◆ **Data records**:
◇ ◇ ◇

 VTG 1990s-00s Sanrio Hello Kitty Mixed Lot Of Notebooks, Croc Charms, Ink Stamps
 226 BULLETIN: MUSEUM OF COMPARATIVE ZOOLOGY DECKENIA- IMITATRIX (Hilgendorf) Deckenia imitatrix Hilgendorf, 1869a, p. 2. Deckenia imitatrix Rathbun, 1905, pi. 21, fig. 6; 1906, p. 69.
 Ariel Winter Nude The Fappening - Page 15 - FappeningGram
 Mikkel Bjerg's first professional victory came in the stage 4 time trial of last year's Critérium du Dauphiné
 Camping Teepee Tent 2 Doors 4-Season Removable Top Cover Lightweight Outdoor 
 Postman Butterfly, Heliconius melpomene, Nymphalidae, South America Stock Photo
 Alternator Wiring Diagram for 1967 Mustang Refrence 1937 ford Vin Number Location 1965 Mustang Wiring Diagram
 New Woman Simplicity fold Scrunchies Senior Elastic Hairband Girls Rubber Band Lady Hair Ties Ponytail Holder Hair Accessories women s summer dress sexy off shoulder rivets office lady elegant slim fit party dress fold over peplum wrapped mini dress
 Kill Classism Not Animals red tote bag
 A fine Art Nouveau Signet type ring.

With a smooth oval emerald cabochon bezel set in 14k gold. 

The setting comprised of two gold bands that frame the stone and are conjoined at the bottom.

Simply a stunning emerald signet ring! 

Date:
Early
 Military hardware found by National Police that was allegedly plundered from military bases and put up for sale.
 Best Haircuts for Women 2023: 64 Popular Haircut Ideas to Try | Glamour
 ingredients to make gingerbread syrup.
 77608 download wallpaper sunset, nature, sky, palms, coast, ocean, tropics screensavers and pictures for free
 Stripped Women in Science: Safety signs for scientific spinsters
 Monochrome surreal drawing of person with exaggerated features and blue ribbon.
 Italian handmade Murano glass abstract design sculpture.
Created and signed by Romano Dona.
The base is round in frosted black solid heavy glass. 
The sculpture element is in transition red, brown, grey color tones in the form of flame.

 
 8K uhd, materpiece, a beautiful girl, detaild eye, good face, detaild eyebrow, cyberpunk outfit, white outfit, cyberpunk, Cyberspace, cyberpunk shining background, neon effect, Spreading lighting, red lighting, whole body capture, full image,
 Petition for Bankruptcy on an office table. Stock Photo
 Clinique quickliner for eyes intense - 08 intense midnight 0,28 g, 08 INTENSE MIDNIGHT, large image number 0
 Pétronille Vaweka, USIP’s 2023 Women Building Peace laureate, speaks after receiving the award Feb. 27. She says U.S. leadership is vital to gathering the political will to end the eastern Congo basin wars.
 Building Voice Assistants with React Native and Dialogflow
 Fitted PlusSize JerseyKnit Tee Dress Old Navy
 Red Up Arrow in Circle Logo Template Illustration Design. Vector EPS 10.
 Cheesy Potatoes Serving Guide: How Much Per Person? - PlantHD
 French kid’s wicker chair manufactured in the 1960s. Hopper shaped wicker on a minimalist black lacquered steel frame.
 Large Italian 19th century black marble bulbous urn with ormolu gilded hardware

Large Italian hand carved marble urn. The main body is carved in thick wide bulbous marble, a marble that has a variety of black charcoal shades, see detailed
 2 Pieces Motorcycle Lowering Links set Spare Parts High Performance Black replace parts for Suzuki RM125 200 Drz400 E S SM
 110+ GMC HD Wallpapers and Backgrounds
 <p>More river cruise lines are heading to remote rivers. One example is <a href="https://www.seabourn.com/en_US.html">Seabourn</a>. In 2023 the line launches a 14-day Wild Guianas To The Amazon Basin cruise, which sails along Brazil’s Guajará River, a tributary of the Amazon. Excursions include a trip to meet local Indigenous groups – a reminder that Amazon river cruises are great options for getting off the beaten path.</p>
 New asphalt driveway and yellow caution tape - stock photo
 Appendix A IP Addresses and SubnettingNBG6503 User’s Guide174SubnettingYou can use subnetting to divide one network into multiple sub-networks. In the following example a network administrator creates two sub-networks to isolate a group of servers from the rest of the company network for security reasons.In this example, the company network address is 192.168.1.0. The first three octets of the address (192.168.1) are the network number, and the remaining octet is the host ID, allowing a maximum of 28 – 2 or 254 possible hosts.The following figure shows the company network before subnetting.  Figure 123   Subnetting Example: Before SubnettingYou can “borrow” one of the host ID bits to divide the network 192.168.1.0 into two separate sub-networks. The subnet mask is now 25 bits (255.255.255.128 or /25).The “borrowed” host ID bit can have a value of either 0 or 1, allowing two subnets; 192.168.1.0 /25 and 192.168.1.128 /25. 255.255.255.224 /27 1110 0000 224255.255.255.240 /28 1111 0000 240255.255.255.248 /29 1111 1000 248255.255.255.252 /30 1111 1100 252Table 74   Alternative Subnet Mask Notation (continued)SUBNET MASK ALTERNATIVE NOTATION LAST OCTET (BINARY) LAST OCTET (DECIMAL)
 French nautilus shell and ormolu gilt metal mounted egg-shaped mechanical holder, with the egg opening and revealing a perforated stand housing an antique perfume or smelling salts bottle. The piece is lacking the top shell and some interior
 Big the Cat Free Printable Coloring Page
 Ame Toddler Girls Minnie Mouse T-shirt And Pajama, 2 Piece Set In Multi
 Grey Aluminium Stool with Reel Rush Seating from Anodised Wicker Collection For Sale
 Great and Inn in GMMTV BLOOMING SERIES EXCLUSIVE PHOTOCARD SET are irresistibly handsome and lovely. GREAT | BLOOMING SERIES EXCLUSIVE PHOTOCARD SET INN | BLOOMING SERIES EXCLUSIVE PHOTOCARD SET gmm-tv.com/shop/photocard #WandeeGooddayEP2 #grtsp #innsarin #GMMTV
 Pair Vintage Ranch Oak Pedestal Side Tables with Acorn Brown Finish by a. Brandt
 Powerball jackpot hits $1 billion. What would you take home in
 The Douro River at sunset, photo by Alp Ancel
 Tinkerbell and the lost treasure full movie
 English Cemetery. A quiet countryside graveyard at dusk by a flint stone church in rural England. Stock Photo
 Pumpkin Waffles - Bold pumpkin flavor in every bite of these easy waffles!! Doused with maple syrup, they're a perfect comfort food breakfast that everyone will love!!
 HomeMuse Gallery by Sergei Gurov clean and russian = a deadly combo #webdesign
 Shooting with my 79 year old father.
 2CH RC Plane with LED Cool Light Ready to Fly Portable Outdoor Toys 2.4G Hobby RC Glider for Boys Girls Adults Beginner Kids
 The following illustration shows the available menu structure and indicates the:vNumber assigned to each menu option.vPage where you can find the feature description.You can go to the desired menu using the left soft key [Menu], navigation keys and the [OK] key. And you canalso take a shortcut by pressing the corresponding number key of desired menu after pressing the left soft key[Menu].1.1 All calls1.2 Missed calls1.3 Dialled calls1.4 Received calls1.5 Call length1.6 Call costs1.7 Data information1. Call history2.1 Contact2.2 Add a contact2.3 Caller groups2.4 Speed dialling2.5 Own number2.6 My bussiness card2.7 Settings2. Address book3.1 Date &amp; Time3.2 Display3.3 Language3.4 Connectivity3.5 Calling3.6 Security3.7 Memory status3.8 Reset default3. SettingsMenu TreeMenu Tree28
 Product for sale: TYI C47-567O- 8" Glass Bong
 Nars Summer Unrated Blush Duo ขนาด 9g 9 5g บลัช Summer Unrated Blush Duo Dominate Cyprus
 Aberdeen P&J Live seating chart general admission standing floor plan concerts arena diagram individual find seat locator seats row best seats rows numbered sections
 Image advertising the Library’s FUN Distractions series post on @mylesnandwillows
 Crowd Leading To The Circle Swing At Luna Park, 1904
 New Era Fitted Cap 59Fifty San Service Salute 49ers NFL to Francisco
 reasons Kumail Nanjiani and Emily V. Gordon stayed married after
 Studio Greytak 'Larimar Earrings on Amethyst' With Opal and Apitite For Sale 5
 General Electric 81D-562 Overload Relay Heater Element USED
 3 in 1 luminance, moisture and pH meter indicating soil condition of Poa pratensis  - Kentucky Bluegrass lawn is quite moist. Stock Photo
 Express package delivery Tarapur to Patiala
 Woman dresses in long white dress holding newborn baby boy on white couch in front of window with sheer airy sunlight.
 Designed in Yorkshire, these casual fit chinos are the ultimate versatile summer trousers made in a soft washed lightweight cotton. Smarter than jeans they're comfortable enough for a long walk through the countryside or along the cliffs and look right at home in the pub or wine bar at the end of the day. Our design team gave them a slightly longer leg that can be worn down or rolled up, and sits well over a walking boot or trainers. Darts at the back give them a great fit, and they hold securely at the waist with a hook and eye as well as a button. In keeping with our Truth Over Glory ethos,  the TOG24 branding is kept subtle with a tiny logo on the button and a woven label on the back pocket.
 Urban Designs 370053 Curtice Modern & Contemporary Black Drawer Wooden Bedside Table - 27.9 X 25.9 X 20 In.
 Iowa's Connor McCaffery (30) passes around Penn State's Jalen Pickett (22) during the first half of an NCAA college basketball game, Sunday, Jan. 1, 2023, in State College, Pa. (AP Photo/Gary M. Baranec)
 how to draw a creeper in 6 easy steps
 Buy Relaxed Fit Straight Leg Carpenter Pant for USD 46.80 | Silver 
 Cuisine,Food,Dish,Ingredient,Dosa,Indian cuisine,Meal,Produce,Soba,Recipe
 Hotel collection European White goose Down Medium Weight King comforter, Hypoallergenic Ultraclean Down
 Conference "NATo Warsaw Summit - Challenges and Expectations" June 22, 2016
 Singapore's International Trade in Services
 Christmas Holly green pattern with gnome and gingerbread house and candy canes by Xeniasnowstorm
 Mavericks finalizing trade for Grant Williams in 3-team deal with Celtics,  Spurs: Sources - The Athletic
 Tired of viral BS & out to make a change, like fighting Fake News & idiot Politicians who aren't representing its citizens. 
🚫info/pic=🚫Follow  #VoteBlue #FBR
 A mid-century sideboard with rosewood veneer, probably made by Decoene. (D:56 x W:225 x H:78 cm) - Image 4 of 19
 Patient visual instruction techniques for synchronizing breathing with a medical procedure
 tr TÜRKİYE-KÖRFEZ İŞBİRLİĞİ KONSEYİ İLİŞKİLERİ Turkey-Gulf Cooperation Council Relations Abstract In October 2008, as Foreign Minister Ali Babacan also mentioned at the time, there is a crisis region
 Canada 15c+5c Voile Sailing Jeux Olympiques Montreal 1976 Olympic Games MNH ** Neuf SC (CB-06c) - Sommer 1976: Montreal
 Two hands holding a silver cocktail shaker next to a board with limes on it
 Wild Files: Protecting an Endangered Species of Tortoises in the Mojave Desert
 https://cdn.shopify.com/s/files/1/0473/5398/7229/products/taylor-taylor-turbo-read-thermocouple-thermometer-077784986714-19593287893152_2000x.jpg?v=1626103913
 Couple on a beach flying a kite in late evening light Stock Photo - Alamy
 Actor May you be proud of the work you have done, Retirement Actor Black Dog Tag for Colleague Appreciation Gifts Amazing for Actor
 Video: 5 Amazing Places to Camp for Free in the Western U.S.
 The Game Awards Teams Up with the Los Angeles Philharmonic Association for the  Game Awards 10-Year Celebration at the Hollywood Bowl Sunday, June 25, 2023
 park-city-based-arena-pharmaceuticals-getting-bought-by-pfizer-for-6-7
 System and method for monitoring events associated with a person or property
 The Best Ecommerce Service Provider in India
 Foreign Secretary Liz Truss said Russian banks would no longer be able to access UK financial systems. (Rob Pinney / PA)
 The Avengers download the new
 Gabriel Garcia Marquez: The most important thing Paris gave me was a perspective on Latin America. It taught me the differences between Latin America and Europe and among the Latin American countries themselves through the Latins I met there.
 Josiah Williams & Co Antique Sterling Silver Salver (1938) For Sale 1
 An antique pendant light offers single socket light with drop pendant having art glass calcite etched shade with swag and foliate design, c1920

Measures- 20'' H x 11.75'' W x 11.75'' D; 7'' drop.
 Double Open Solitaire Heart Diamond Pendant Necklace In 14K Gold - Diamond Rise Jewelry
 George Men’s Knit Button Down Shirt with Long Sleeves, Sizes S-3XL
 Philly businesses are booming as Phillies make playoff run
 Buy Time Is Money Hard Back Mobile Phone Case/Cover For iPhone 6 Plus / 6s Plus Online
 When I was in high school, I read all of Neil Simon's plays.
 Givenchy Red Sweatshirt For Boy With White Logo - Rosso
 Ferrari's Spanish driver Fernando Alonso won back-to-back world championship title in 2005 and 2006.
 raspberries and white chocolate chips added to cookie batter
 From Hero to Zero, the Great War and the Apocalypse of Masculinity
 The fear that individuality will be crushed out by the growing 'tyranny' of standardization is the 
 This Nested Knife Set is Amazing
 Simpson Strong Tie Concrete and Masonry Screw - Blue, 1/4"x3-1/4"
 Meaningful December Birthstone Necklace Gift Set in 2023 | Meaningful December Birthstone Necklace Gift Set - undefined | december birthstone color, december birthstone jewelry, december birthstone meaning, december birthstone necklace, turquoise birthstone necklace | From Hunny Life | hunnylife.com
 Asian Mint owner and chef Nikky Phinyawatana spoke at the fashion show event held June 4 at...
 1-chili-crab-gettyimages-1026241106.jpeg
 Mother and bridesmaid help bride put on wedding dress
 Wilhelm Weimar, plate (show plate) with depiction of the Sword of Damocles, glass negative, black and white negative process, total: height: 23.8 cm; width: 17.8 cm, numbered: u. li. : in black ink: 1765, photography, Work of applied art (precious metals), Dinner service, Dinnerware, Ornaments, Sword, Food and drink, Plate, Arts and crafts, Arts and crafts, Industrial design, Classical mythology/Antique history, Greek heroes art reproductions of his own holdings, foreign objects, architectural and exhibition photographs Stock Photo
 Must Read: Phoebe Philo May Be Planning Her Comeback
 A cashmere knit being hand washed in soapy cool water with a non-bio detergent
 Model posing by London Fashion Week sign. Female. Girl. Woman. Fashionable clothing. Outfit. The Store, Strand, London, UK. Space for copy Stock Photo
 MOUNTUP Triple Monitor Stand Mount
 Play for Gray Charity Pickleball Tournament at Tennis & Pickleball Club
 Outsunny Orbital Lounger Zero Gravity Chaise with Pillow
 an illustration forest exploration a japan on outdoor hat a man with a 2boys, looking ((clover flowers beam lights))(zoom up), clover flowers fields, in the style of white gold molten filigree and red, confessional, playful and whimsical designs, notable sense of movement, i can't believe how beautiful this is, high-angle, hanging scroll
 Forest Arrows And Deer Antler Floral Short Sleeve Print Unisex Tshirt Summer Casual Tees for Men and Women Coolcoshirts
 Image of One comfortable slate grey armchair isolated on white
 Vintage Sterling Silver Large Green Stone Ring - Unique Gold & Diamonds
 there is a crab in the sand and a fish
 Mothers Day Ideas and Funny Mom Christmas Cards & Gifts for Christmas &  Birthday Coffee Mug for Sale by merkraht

◇ ◇ ◇

Wherever the string "there" appears in the entries above, list that line.

 tr TÜRKİYE-KÖRFEZ İŞBİRLİĞİ KONSEYİ İLİŞKİLERİ Turkey-Gulf Cooperation Council Relations Abstract In October 2008, as Foreign Minister Ali Babacan also mentioned at the time, there is a crisis region
 Gabriel Garcia Marquez: The most important thing Paris gave me was a perspective on Latin America. It taught me the differences between Latin America and Europe and among the Latin American countries themselves through the Latins I met there.
 there is a crab in the sand and a fish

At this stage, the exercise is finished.